Los constantes sucesos 'paranormales' también han afectado a Crutchlow, que, como Marc, besó el suelo del 'rodeo' americano y no sumó puntos para su fábrica. En Austin, los fallos de la firma del 'ala dorada' le costaron el peor resultado en 37 años y lo peor de todo no es eso, sino el hermetismo japonés. "No se han encendido las alarmas, pero cuando hay un mínimo problema nos paran todo, sacan los motores, se revisa la electrónica, se mira todo... Para Honda, la prioridad absoluta es la fiabilidad de la moto, eso está por encima incluso de un campeonato, es lo que más cuidan, que la moto no se rompa y acabe las carreras", aseguró para 'Motociclismo' Óscar Haro, CEO del equipo LRC - Honda, aportando un poco de luz al 'meollo'.

Márquez y Lorenzo no han tenido una pretemporada fácil al arrastrar problemas físicos que han mermado su preparación en este inicio de campeonato. Marc, que conoce la casa como nadie, ha logrado buenos resultados mercerd a esto.

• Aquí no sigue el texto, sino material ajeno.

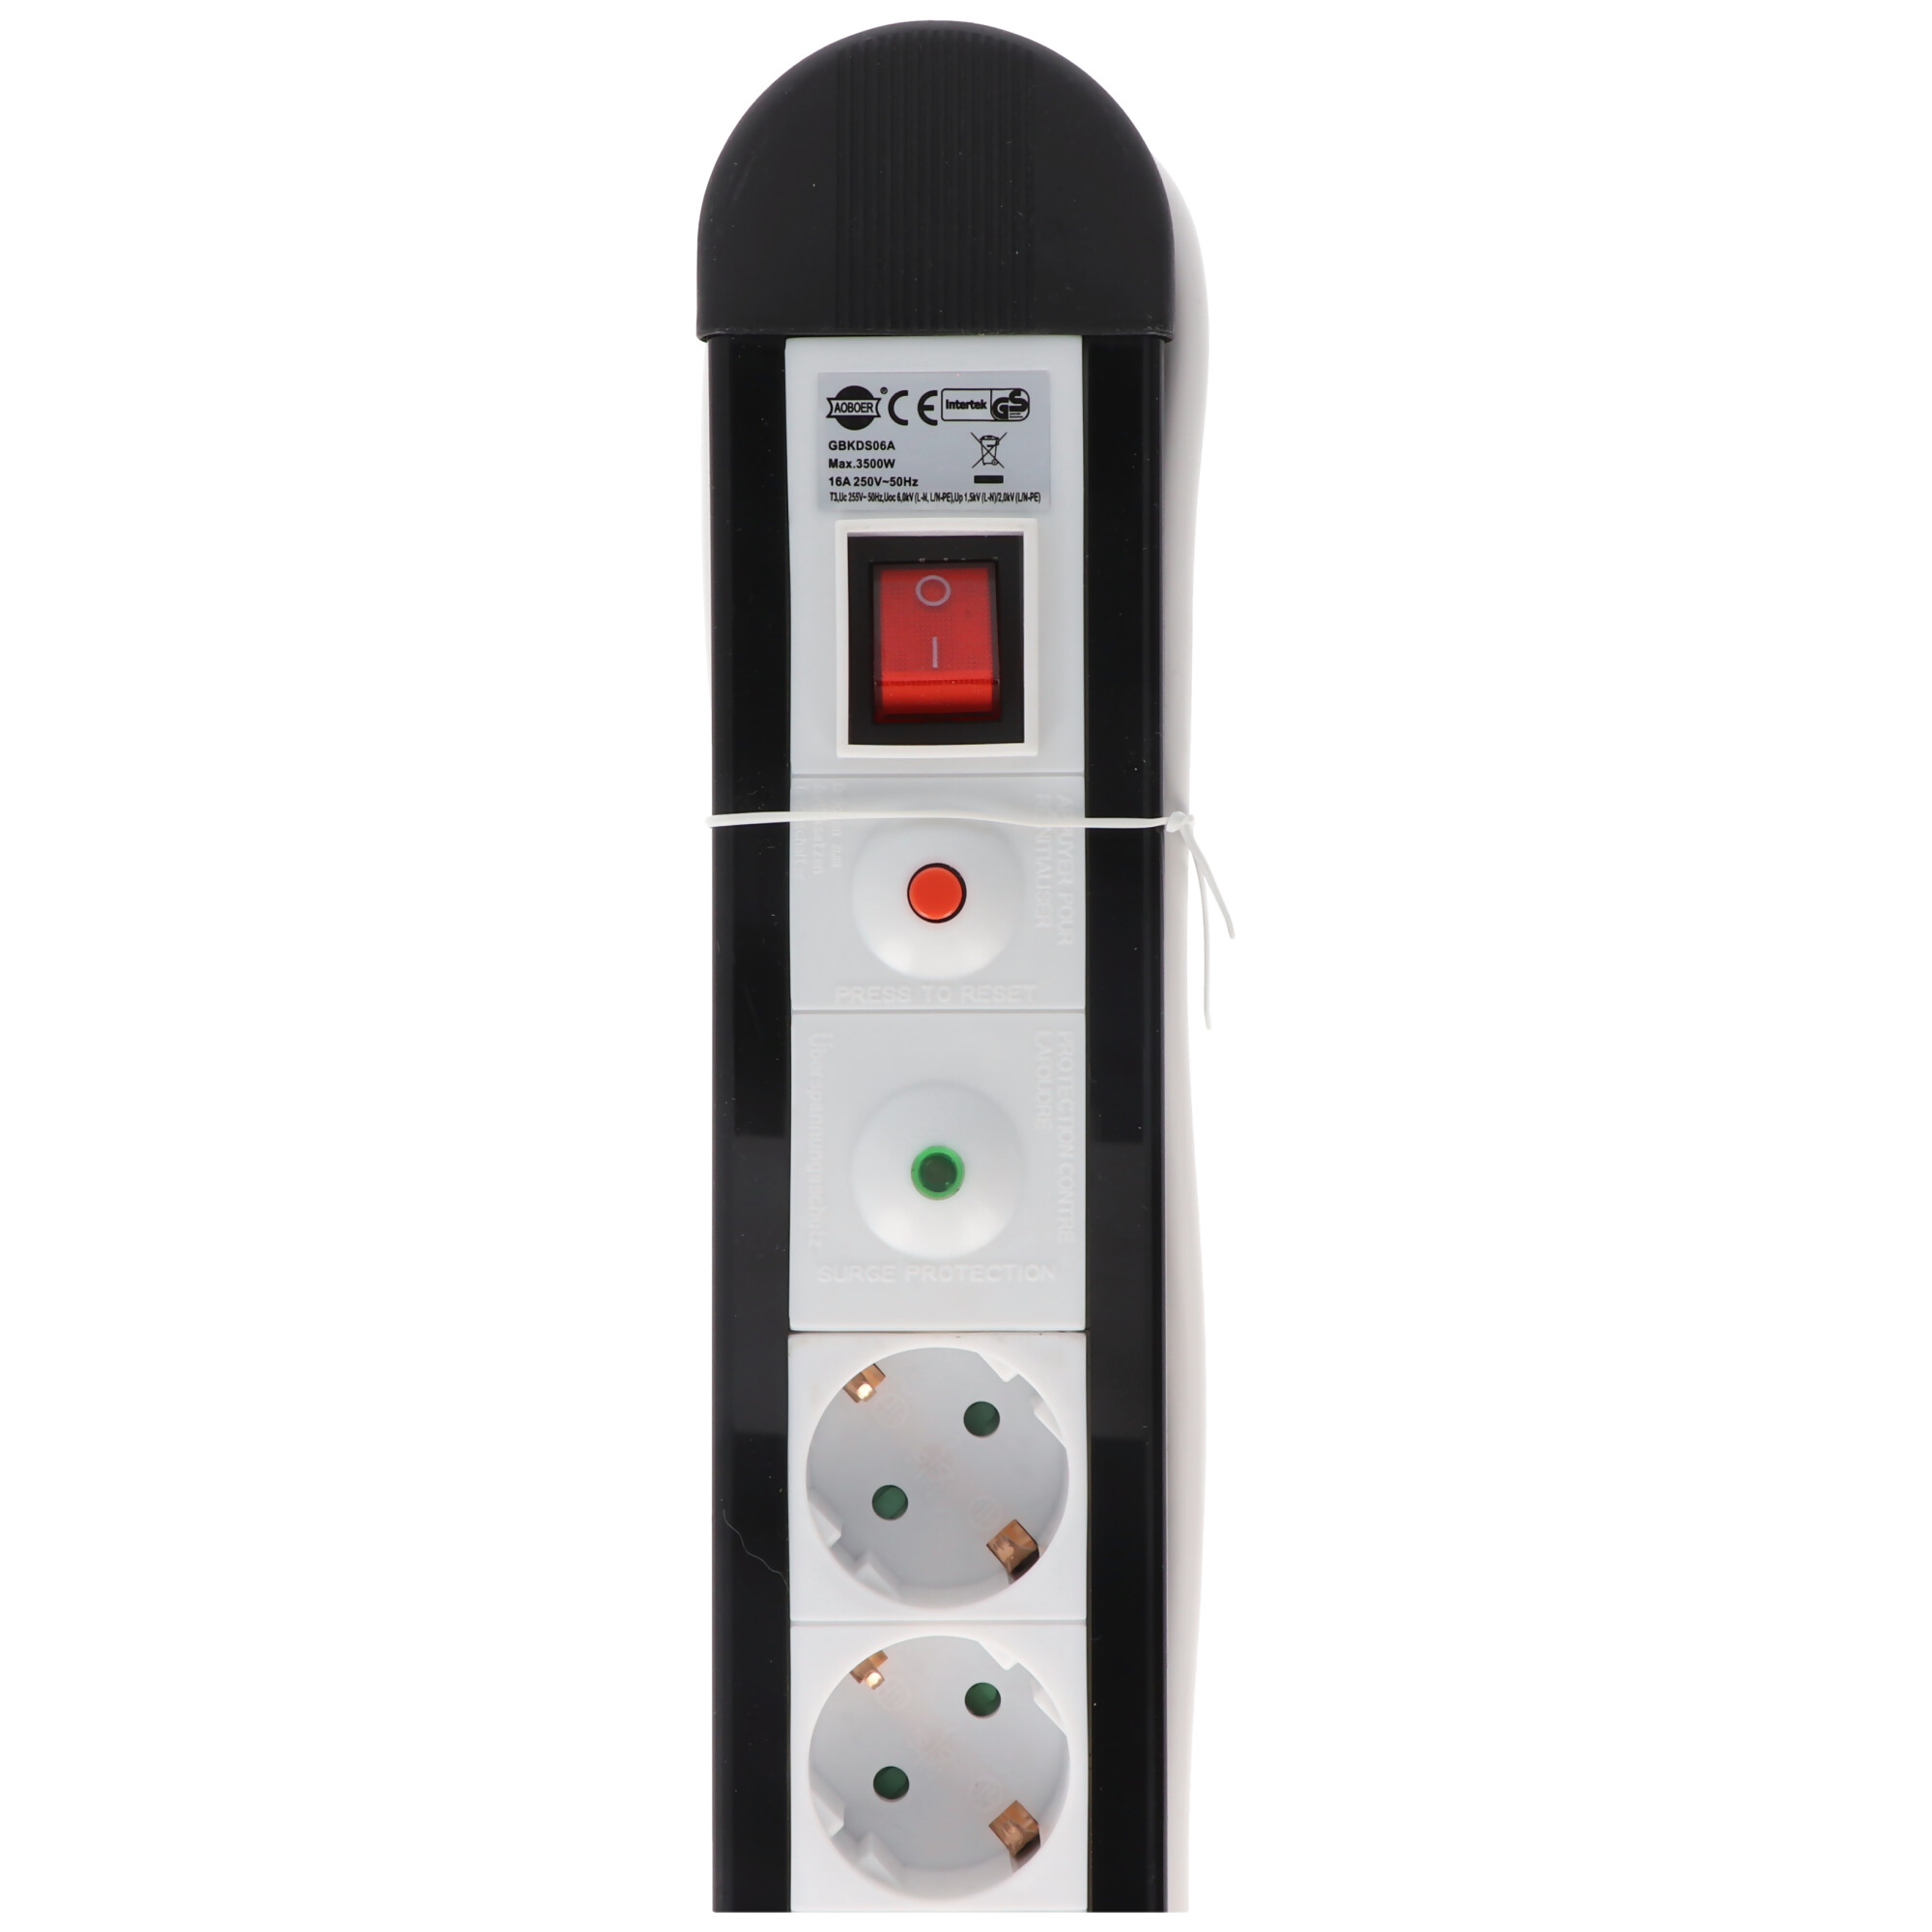 Überspannungsschutz-Steckdosenleiste 6x Schutzkontakt mit 1,4m Zuleitung und Schalter schwarz / weiß

En cambio, para Lorenzo la 'burra' era una completa desconocida. El cambio le llegó tras tratarse del tobillo, el escafoides y recuperarse de una fisura en su costilla en un último golpe de mala suerte en Losail. Lejos de ponerle las cosas más fáciles, la Honda se ha mostrado poco amable. Los japoneses han ganado en velocidad este verano -ya le disputan las rectas a Ducati- pero han perdido en cuestiones de fiabilidad. Son más frágiles. El famoso 'spoiler' del basculante que le copiaron a los italianos y que les iba a dotar de estabilidad ha resultado insuficiente, aunque todavía deben recorrer más kilómetros con él para entenderlo mejor.

El olor a gasolina ya envuelve Jerez y este próximo fin de semana Honda tiene la oportunidad de empezar a demostrar su verdadero potencial, que tiene que ir más allá de la calidad de su afamado 'Dream Team'.